# [What needs to be done]
With the pictures left out, retype exactly the lines below starting at the line that contains "インテリア小物・置物, 置物 SWAROVSKI" and ending at the line that contains "清新明亮美式阳光房设计图片".

# [Given information]

○ ○ ○ ○ ○

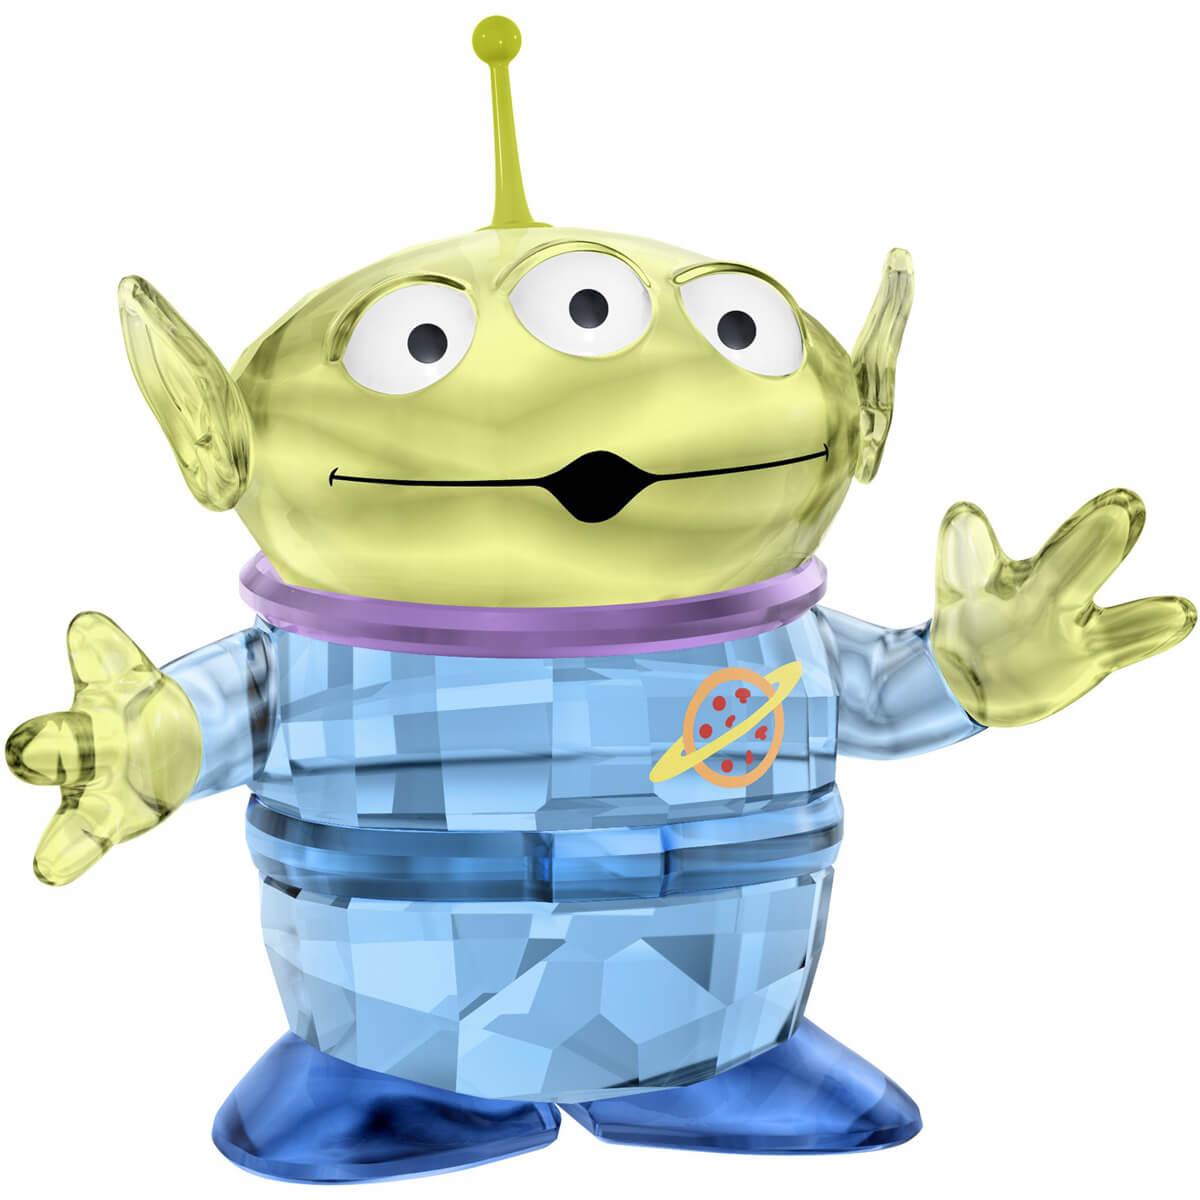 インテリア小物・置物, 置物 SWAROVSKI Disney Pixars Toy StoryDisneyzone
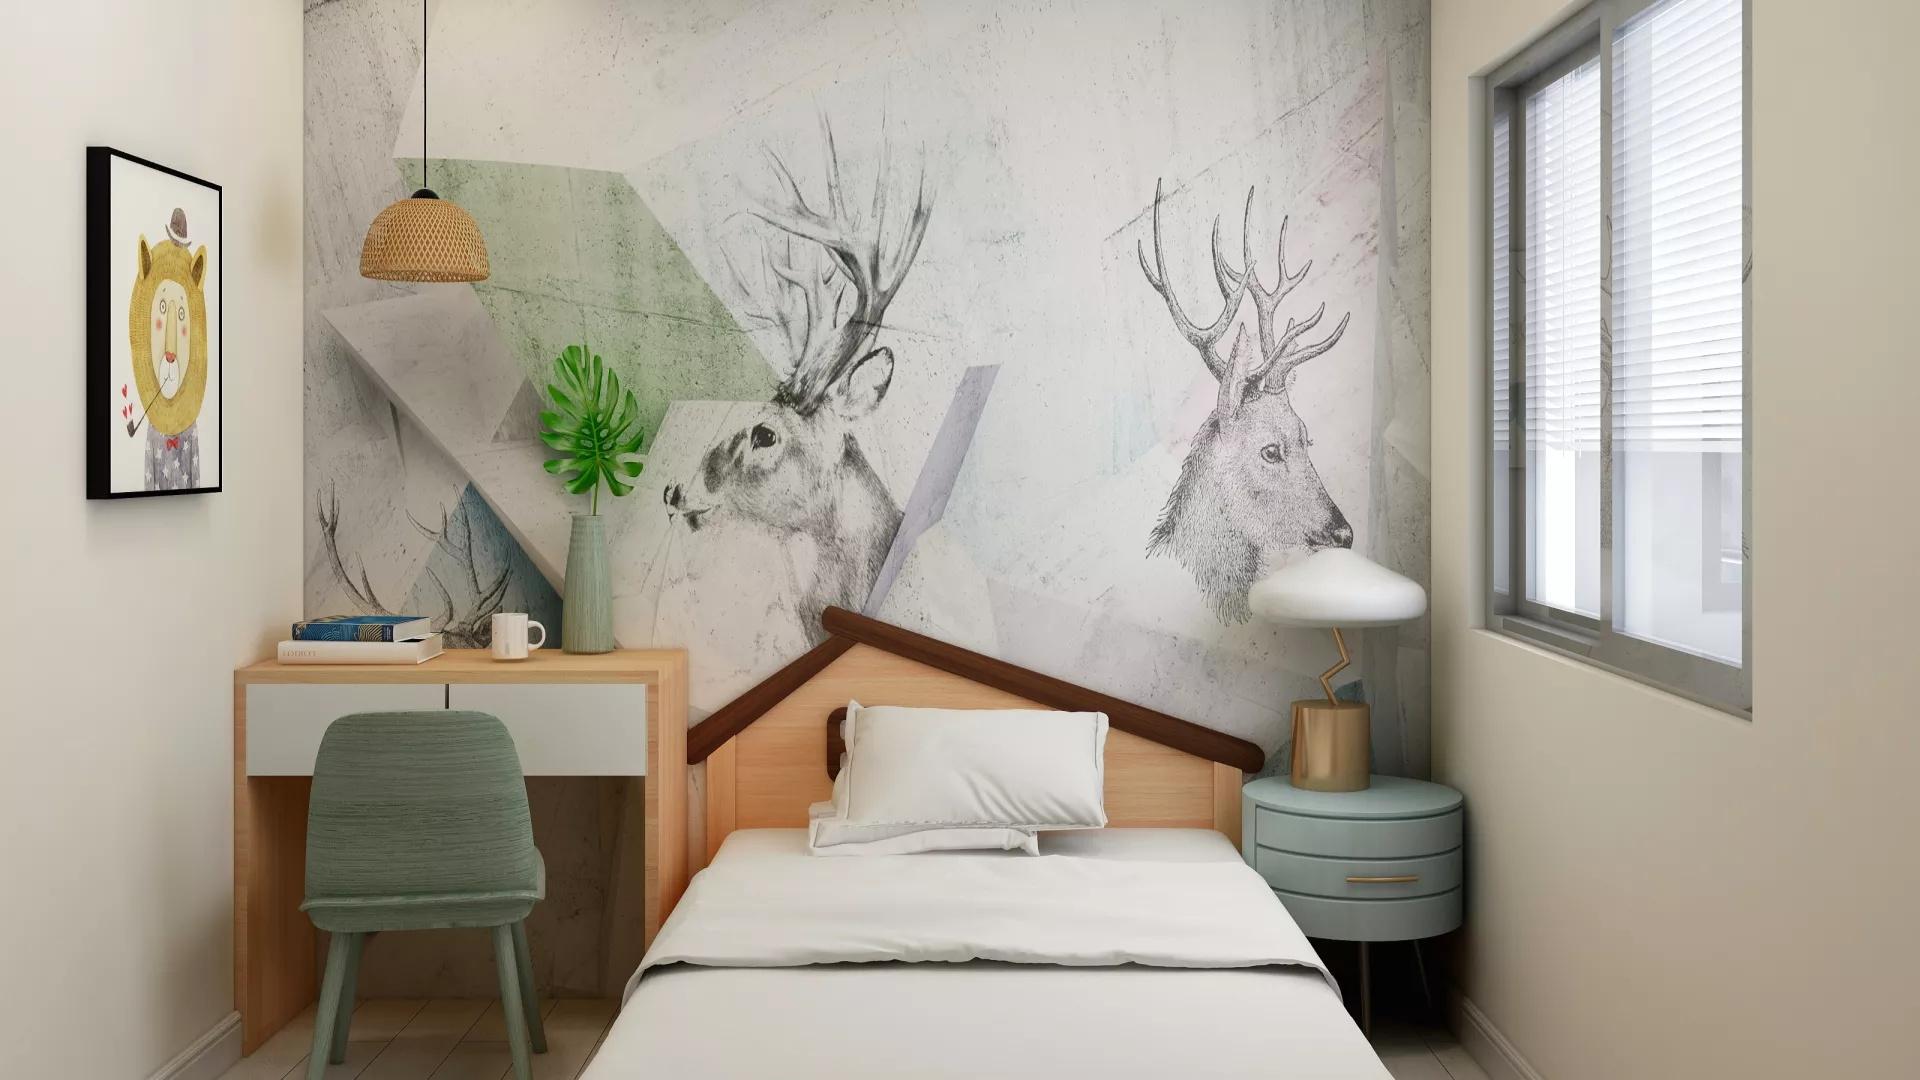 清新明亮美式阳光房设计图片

○ ○ ○ ○ ○

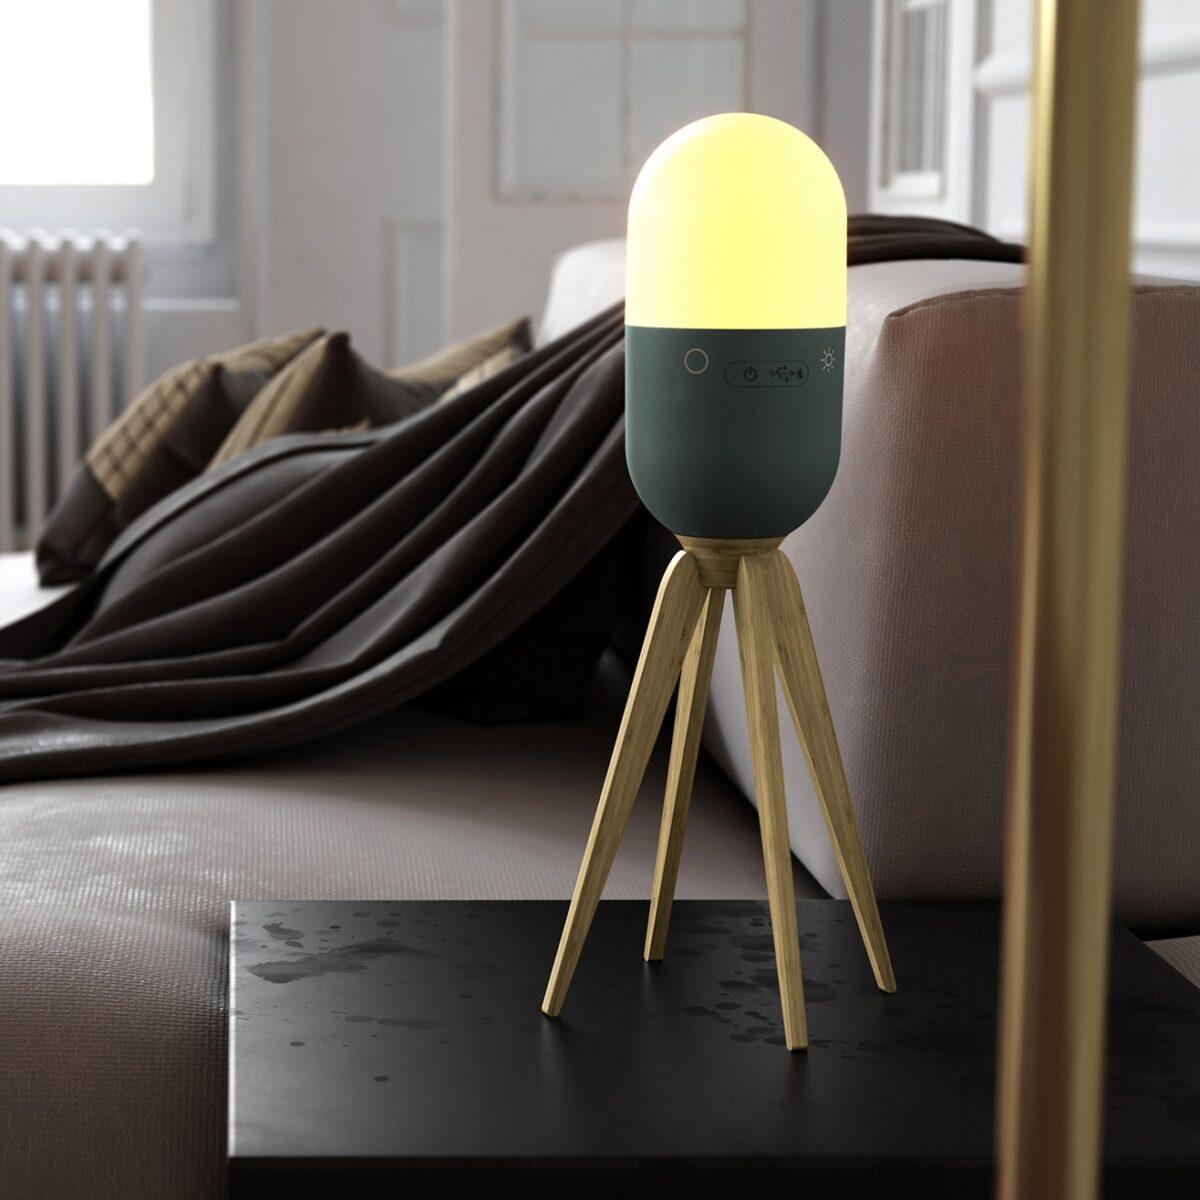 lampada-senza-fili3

○ ○ ○ ○ ○

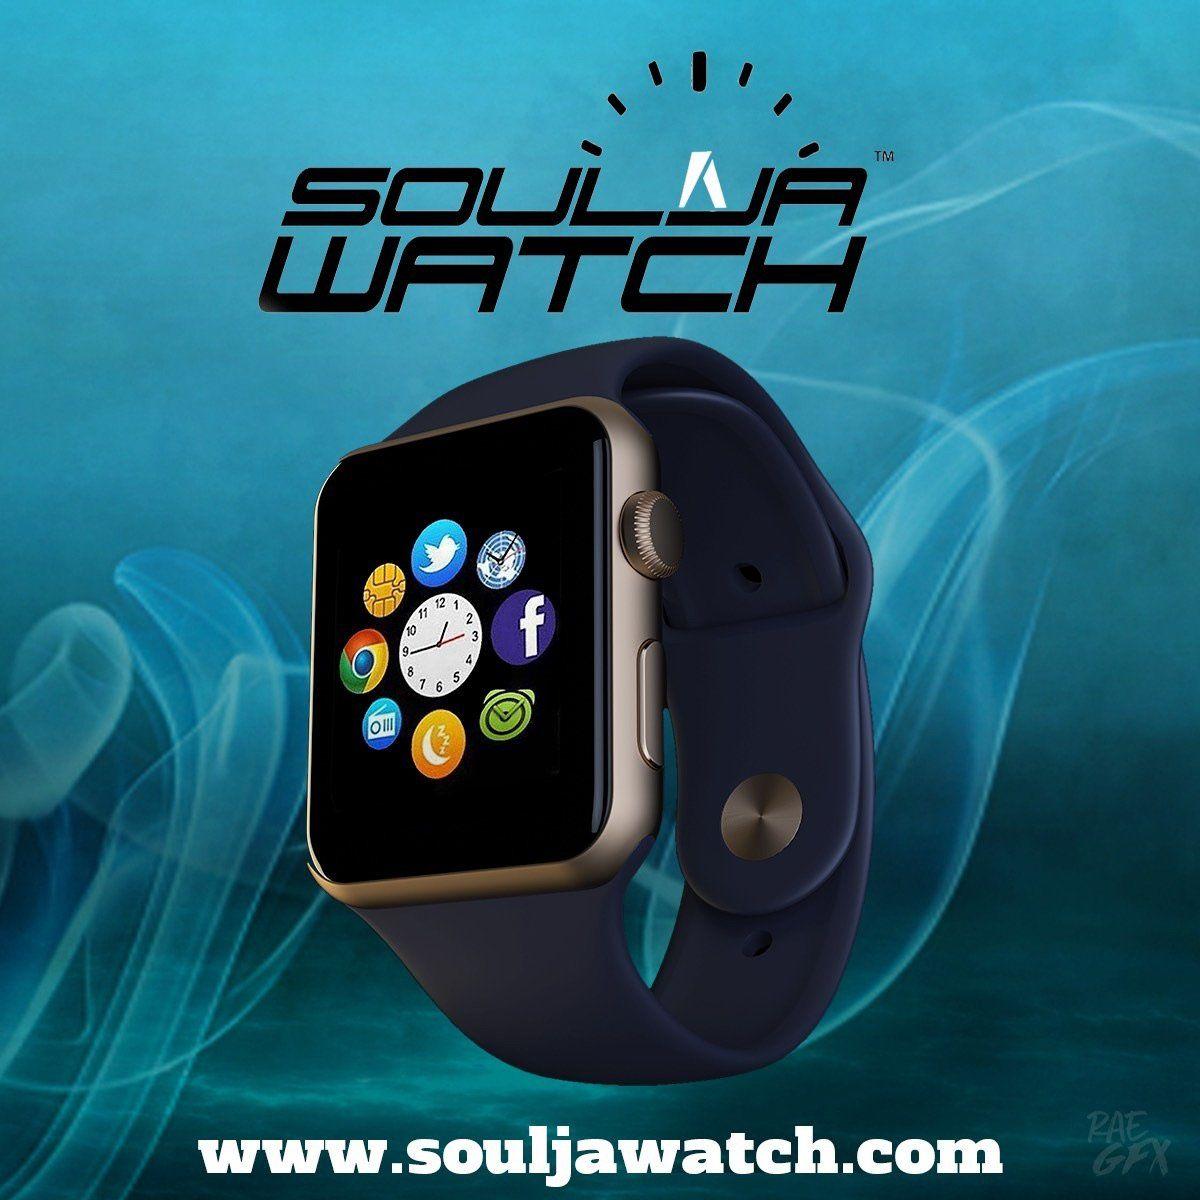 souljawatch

○ ○ ○ ○ ○

# [Answer space]
 インテリア小物・置物, 置物 SWAROVSKI Disney Pixars Toy StoryDisneyzone
 清新明亮美式阳光房设计图片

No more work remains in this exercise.